TASK DESCRIPTION:
Below this line are records; transcribe exactly the lines between the one holding "Camere Standard, CAMERA" and the one holding "Autopia-presenta/specimen-autopia-b-light.png", inclusive, and omit the pictures.

SUPPLIED DATA:
★ ★ ★
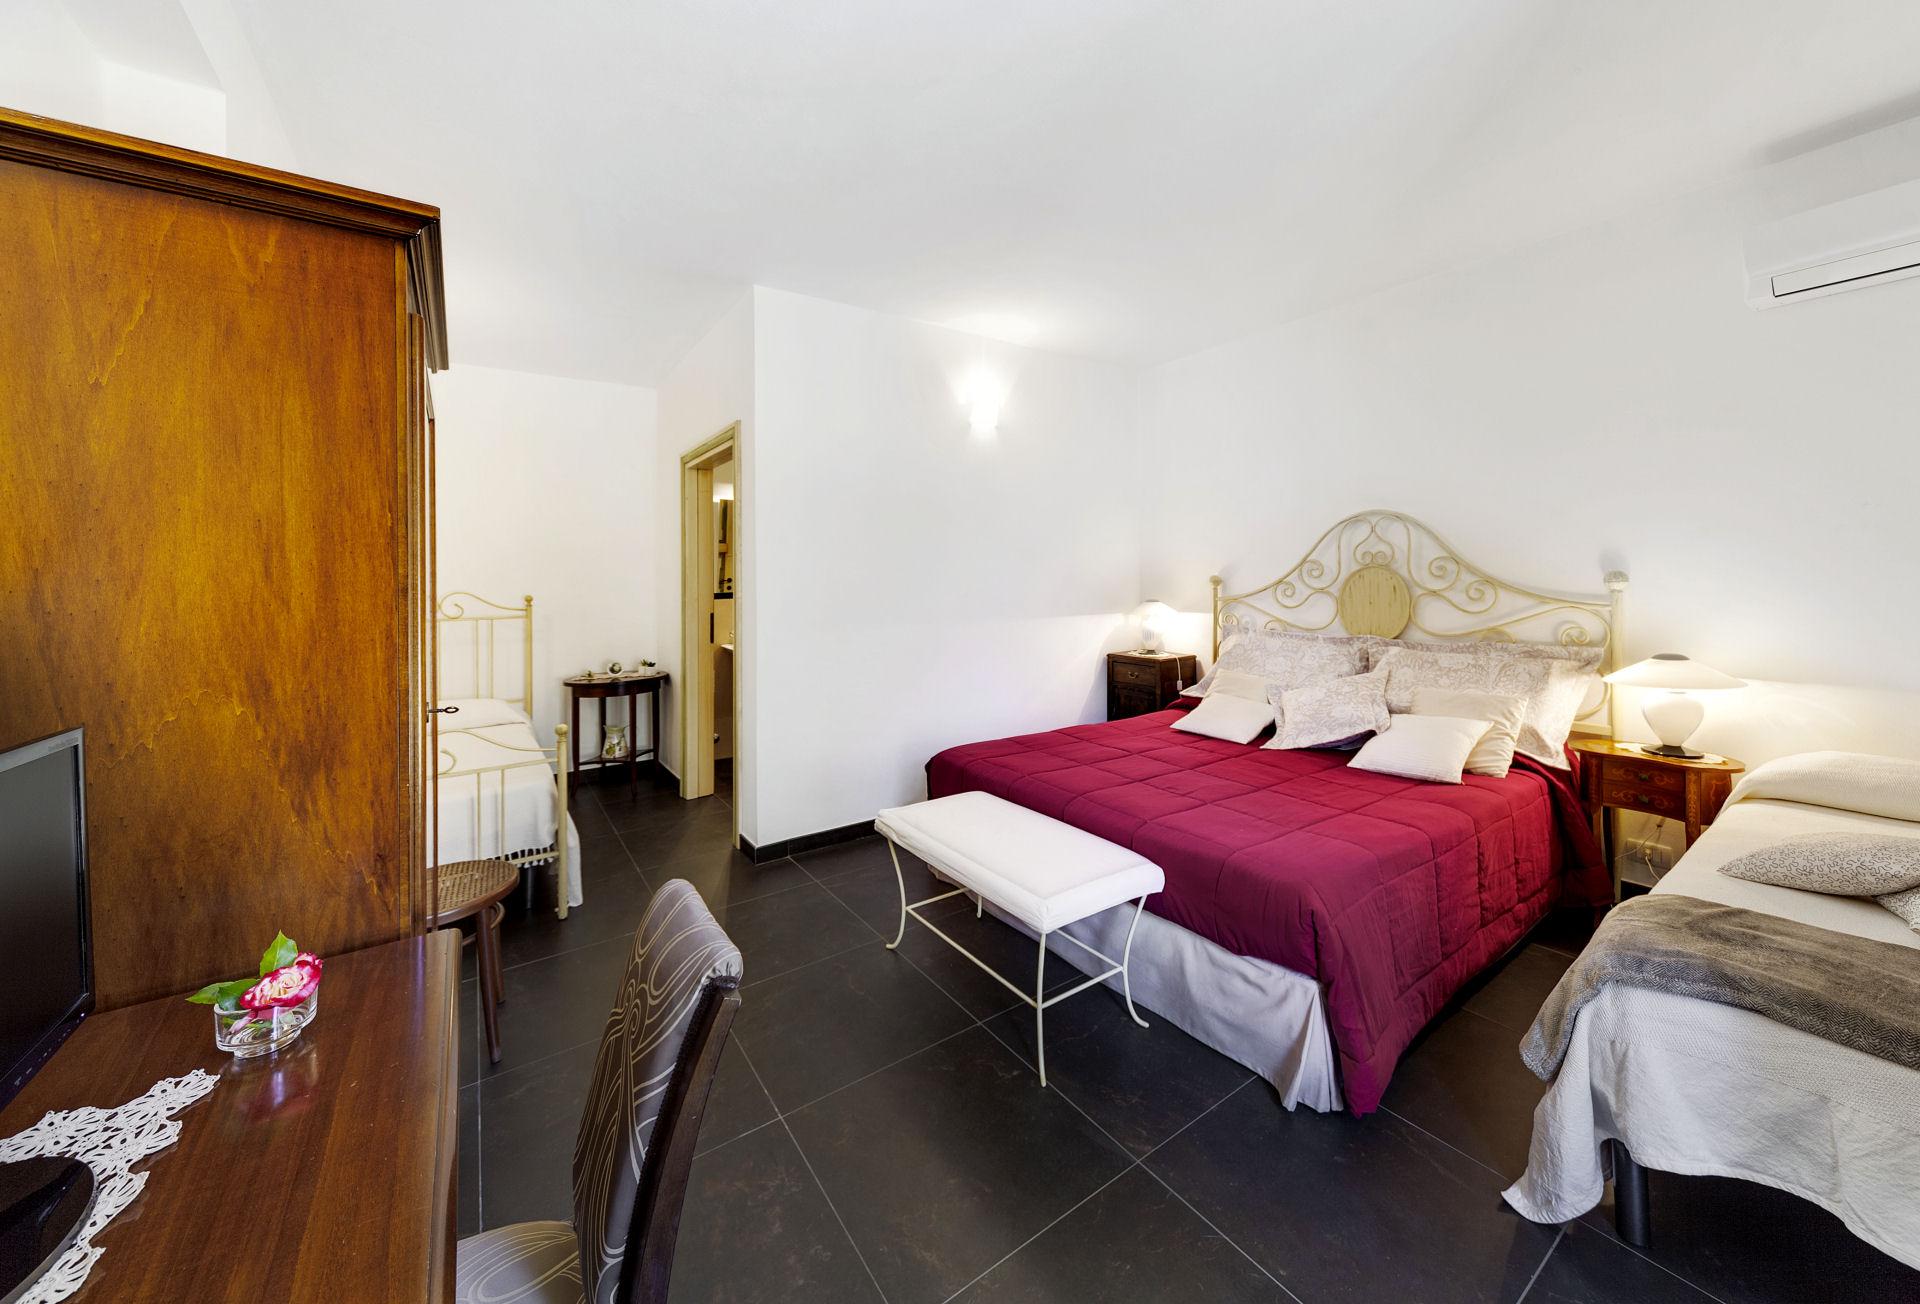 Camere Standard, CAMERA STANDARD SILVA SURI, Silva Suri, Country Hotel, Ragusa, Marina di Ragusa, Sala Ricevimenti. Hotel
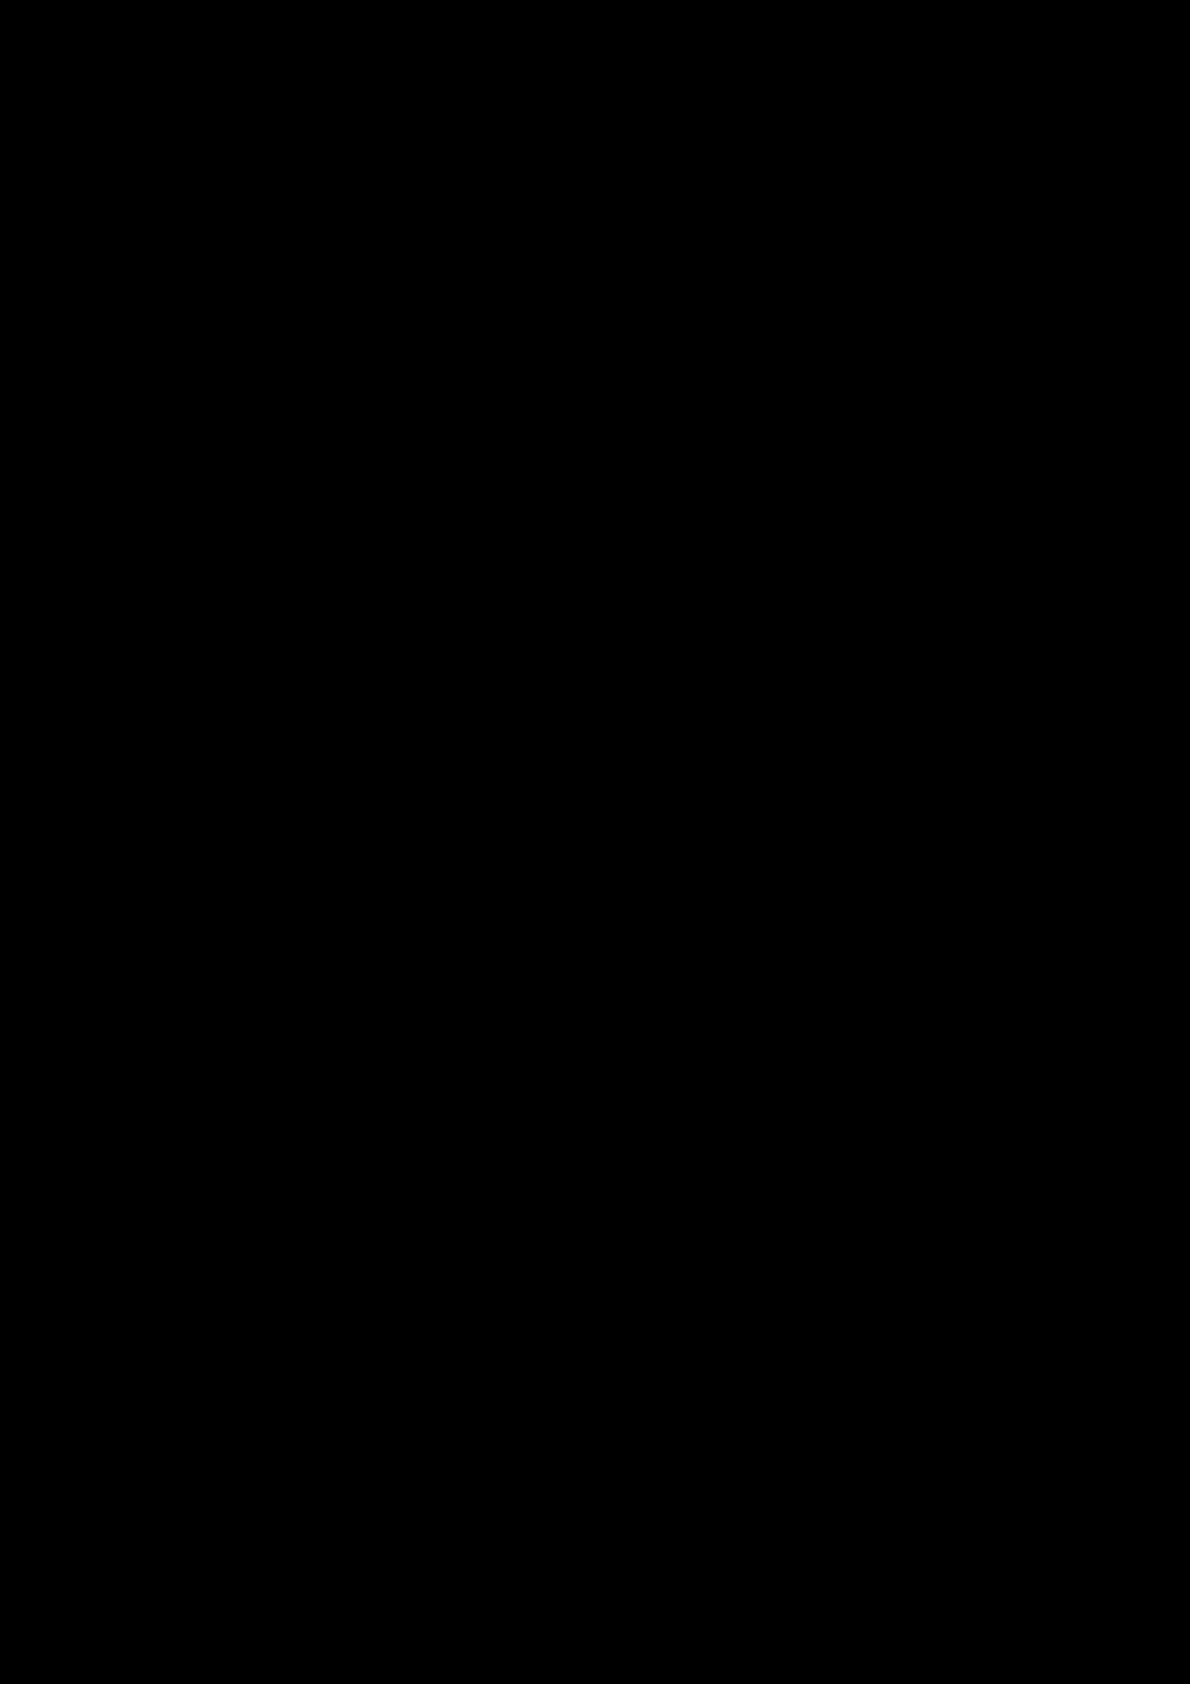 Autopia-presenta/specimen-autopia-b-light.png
★ ★ ★
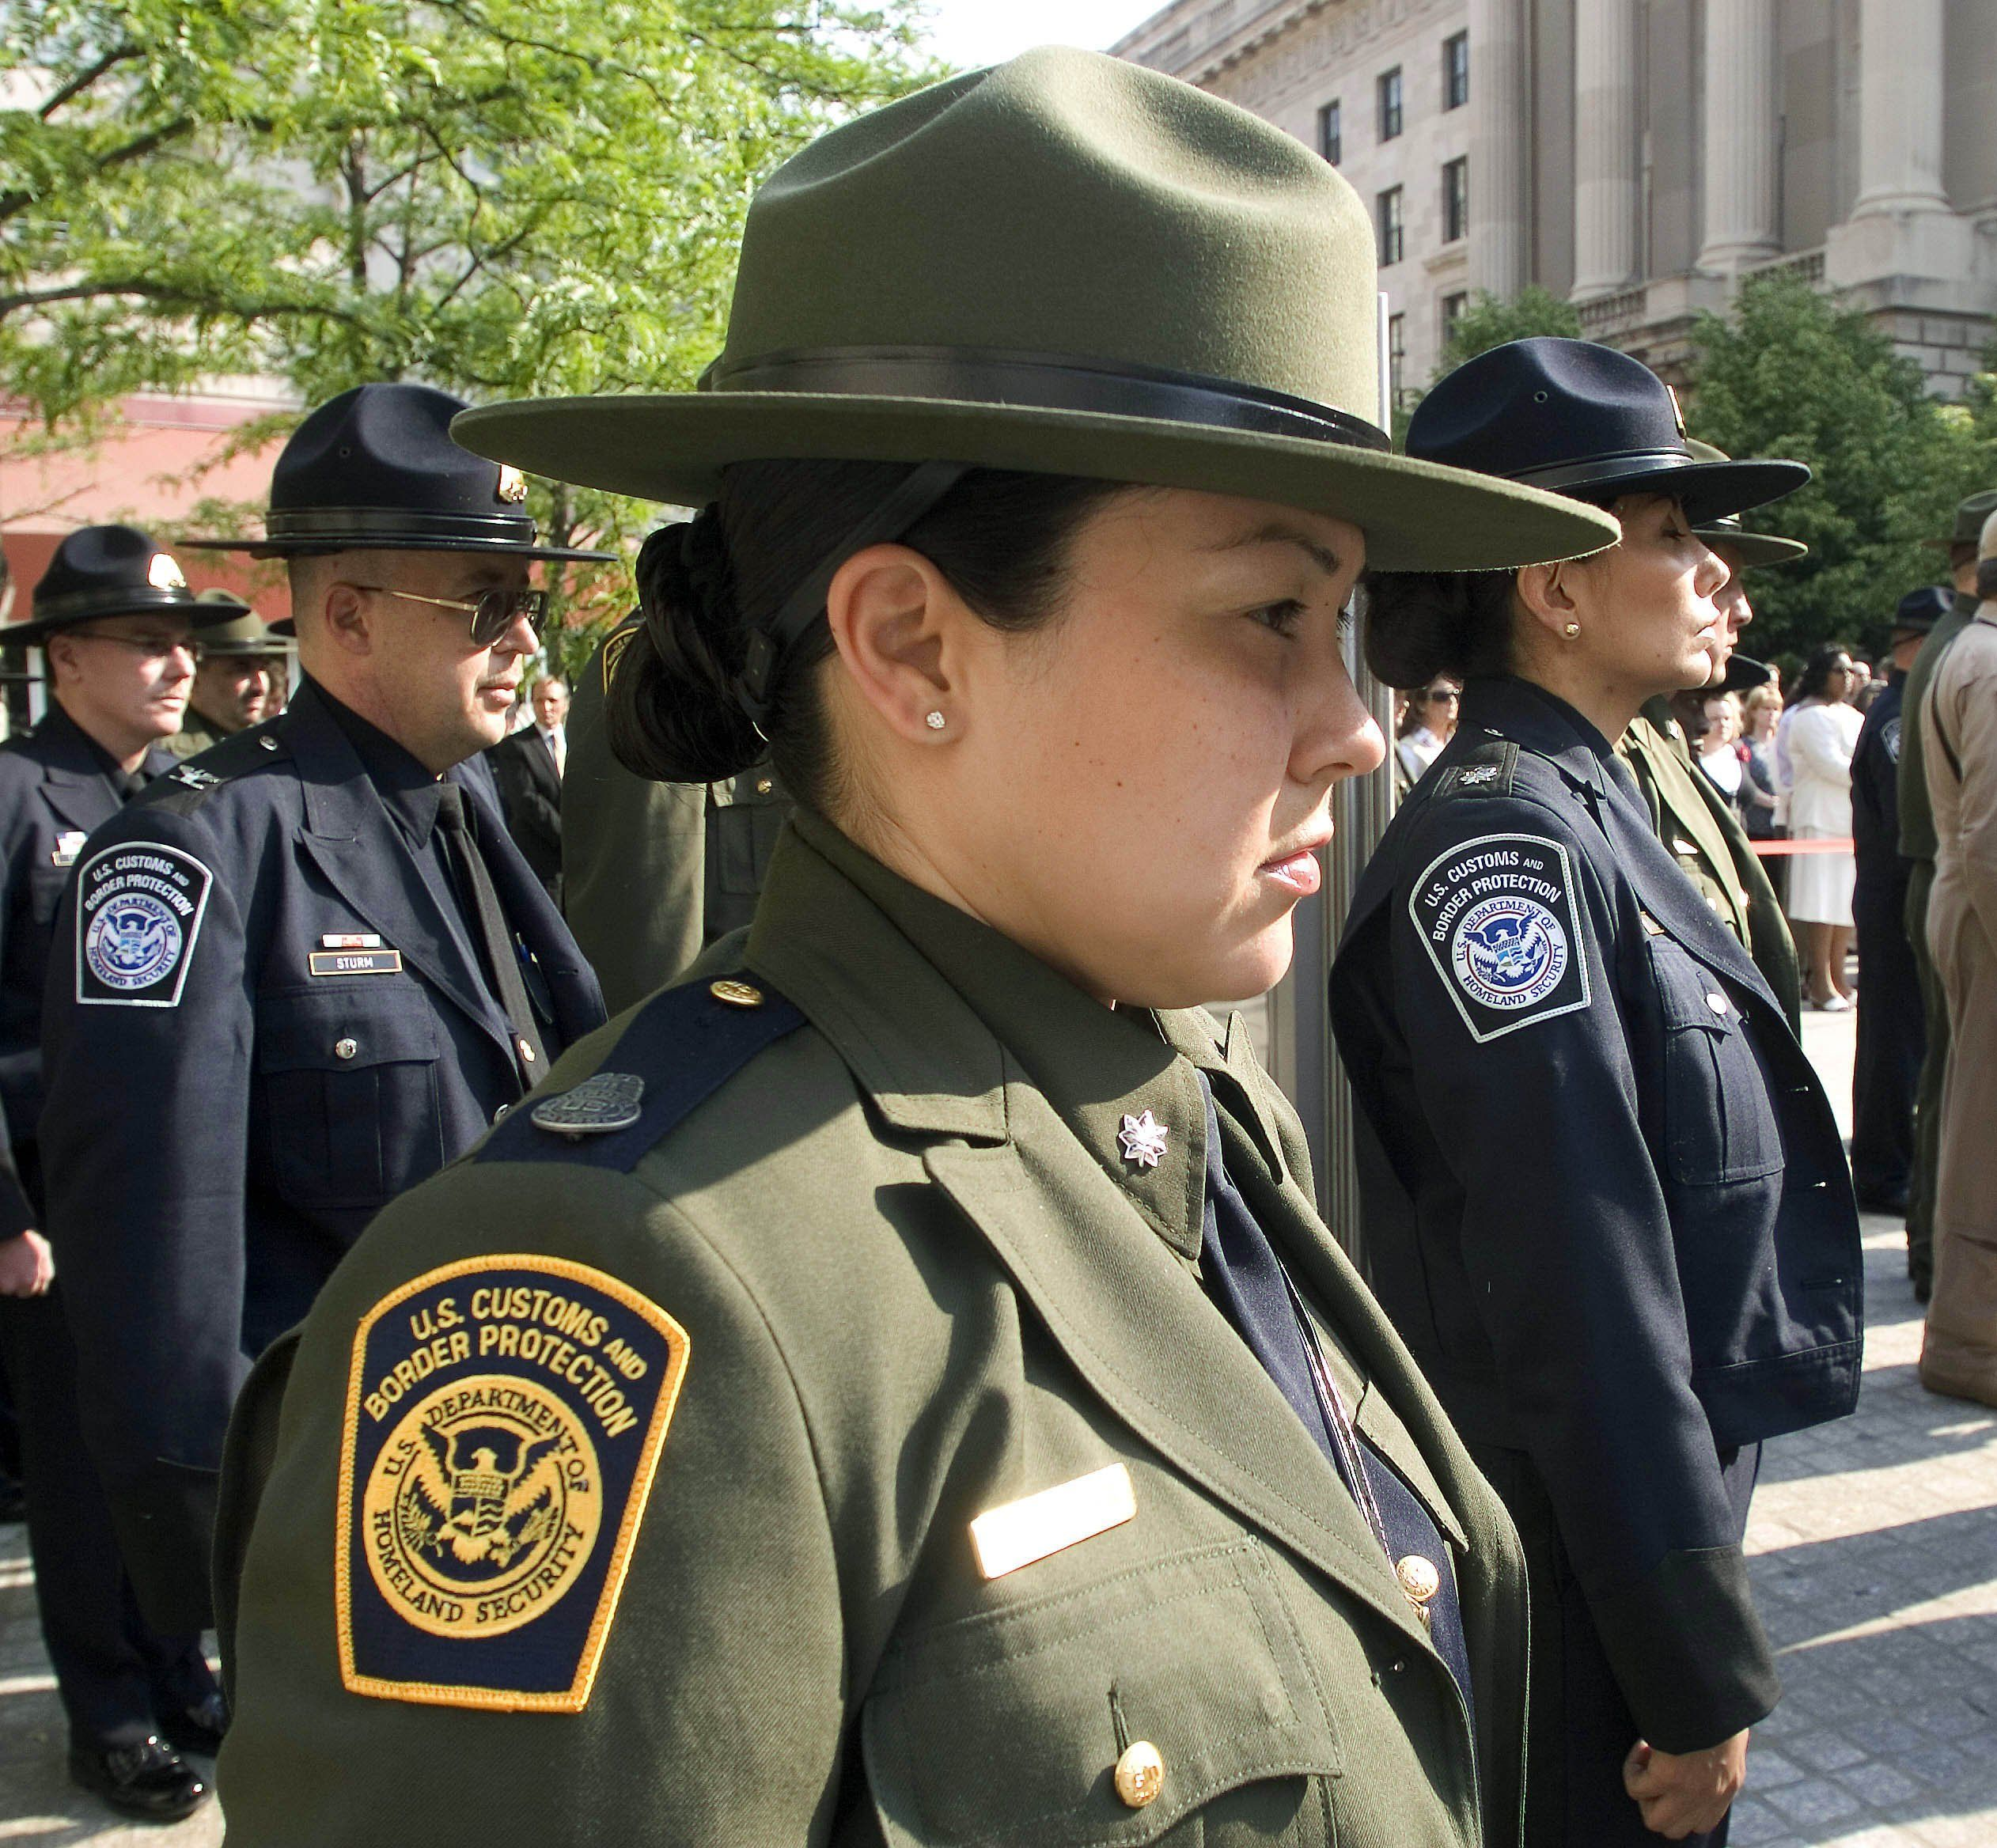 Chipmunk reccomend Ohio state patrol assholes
★ ★ ★
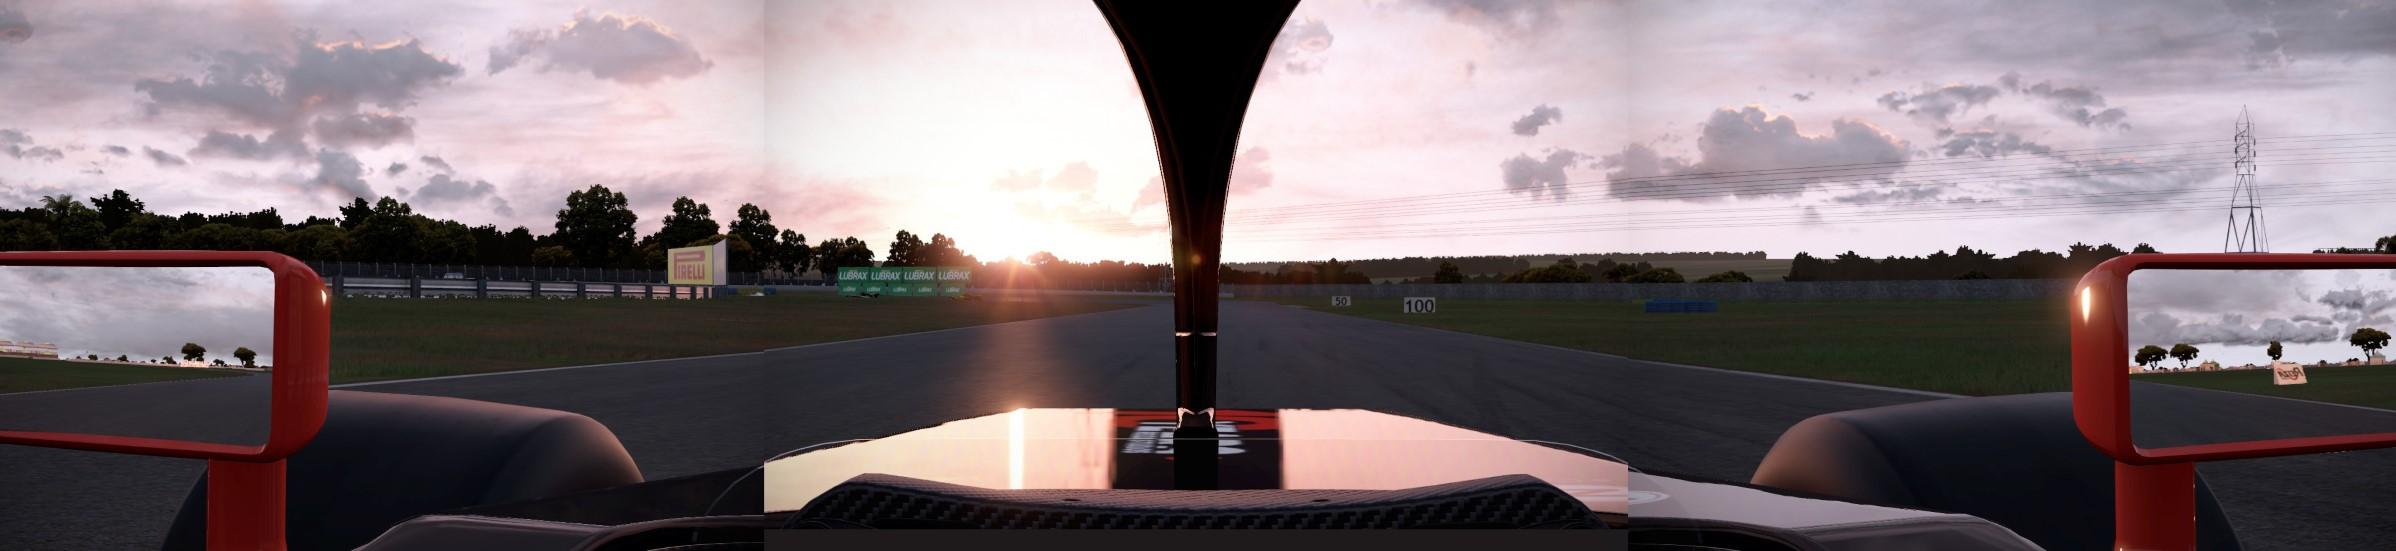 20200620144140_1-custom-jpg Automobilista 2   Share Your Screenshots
★ ★ ★
FINAL ANSWER:
 Camere Standard, CAMERA STANDARD SILVA SURI, Silva Suri, Country Hotel, Ragusa, Marina di Ragusa, Sala Ricevimenti. Hotel
 Autopia-presenta/specimen-autopia-b-light.png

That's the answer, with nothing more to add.